**What you should do**
Please repeat the lines below exactly. Begin with the line containing "香港 新蒲崗 Mikiki" and go on through the line containing "Paleta de Sombras Sunset Makeup Sp Colors".

Records from a data source
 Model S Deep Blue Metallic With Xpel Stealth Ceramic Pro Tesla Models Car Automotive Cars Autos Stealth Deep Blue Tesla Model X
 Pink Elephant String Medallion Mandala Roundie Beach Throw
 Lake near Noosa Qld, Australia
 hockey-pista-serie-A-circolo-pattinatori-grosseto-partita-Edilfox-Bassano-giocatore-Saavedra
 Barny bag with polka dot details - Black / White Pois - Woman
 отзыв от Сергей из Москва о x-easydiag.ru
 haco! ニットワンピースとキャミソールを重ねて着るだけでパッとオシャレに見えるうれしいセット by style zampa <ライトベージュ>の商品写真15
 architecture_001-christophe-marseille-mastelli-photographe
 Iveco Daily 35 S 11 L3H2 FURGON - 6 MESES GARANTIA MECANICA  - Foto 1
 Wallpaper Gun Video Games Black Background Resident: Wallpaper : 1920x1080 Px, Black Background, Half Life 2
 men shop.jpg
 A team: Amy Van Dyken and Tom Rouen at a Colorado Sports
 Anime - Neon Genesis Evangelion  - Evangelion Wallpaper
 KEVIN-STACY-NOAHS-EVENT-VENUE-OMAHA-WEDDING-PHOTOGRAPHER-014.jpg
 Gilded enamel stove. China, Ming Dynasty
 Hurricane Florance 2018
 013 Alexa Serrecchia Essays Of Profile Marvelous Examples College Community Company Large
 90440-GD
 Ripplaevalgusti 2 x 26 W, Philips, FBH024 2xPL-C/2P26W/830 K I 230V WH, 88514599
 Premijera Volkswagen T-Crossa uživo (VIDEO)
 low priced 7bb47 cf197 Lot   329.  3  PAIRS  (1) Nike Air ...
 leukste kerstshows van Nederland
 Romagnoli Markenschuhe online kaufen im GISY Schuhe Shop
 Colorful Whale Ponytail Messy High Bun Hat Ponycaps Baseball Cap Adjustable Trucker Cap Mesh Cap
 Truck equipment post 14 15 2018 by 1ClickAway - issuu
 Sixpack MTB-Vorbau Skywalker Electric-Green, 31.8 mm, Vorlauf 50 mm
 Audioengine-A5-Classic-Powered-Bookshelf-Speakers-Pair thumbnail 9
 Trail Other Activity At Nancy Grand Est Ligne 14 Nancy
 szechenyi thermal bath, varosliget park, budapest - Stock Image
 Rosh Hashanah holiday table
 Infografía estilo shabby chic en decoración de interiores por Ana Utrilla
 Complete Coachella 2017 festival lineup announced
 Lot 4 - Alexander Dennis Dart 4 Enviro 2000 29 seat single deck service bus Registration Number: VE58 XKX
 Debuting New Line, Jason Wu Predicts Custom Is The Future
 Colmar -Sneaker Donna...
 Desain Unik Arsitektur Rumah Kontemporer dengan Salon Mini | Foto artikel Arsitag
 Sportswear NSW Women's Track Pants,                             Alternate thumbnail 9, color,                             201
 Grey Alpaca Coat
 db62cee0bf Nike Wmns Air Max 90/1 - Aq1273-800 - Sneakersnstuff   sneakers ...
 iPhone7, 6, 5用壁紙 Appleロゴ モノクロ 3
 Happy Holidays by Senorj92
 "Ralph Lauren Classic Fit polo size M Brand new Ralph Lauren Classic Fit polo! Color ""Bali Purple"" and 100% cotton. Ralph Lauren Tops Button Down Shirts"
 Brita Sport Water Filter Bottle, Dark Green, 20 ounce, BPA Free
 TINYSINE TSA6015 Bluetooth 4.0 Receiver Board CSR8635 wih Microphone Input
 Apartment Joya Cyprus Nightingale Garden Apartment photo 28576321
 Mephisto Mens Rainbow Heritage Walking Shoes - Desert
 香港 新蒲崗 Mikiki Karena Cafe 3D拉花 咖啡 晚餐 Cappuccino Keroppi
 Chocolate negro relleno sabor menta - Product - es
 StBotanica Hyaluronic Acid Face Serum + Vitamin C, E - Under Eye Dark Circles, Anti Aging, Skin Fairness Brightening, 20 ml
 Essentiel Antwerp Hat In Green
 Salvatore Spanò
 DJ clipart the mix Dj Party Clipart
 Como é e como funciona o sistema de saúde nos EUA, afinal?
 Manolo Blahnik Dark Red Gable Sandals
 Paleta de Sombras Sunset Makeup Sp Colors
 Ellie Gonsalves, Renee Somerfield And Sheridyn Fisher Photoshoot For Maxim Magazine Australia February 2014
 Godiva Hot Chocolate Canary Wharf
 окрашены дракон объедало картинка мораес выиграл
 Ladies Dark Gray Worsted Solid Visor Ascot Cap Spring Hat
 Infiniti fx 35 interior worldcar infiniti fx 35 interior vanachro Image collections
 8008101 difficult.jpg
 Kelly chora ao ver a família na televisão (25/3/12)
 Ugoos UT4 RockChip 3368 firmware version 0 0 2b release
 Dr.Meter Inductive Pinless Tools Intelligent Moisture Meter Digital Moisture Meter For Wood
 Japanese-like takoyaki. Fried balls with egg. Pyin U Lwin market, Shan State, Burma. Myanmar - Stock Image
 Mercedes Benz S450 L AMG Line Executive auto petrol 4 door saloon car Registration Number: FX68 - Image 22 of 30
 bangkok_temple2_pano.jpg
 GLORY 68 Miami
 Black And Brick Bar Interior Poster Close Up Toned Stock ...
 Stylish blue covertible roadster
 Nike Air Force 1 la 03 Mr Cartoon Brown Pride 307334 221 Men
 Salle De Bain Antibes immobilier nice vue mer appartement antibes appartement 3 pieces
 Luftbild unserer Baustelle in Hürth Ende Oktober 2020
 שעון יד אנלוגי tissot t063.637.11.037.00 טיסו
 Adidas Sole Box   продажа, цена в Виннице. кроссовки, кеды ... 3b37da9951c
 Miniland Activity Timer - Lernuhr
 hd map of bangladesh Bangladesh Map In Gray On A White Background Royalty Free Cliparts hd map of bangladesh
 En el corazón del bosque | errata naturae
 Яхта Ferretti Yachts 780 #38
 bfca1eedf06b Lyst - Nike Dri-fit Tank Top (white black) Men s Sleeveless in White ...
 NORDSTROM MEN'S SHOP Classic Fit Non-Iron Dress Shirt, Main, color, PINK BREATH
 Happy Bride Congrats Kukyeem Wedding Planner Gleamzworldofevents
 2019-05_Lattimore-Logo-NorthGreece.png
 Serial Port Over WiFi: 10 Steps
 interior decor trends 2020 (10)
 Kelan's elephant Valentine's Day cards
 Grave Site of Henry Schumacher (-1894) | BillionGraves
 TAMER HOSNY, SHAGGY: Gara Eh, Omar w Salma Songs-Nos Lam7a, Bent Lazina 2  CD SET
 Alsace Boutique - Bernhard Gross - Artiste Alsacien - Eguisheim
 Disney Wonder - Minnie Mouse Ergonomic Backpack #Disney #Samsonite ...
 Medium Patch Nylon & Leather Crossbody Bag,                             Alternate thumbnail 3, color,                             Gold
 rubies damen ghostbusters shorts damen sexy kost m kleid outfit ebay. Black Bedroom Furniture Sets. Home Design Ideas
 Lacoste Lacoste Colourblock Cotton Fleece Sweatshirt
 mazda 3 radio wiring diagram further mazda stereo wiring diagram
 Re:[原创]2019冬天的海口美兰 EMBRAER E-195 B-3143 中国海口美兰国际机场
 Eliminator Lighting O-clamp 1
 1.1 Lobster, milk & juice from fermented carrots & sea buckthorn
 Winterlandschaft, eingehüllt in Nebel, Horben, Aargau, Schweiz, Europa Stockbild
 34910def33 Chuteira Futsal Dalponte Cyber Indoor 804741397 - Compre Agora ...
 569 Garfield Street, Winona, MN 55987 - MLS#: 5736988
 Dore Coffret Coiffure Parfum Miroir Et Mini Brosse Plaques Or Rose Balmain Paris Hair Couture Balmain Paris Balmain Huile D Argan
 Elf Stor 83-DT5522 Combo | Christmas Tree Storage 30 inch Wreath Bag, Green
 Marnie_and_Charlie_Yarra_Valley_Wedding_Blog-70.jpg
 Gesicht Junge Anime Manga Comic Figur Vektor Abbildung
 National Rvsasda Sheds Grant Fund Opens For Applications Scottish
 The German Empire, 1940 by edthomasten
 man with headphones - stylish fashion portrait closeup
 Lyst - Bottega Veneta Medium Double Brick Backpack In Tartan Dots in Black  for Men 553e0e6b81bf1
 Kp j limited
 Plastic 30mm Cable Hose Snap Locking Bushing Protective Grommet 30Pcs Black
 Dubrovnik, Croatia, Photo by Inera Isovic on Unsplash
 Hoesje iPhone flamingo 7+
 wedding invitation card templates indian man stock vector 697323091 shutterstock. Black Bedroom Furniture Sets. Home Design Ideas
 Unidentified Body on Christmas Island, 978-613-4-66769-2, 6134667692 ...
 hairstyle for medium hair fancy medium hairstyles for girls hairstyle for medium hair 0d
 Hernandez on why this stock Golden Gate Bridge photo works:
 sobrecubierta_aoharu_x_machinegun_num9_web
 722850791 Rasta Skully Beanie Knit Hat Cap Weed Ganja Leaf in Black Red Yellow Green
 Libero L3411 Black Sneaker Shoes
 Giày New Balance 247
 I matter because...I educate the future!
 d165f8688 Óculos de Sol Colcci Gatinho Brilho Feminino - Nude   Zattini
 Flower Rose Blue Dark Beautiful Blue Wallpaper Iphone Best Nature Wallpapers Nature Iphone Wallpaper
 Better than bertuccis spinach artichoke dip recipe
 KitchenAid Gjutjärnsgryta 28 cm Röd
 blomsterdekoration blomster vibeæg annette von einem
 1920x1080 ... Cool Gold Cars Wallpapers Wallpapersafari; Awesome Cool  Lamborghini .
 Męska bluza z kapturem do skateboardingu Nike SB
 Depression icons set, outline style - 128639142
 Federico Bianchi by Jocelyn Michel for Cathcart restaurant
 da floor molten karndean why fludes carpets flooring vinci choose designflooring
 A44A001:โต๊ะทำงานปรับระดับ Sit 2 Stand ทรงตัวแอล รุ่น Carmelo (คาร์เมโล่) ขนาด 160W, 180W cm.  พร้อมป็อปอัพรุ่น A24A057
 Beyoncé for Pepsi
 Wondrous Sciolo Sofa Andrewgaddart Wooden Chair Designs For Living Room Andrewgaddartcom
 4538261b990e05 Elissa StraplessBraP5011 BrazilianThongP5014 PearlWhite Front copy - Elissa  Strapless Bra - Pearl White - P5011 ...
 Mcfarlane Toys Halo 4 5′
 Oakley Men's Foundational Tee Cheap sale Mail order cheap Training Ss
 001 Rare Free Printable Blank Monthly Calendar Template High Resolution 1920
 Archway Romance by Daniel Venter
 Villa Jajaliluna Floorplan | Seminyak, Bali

**Solution for this task**
 香港 新蒲崗 Mikiki Karena Cafe 3D拉花 咖啡 晚餐 Cappuccino Keroppi
 Chocolate negro relleno sabor menta - Product - es
 StBotanica Hyaluronic Acid Face Serum + Vitamin C, E - Under Eye Dark Circles, Anti Aging, Skin Fairness Brightening, 20 ml
 Essentiel Antwerp Hat In Green
 Salvatore Spanò
 DJ clipart the mix Dj Party Clipart
 Como é e como funciona o sistema de saúde nos EUA, afinal?
 Manolo Blahnik Dark Red Gable Sandals
 Paleta de Sombras Sunset Makeup Sp Colors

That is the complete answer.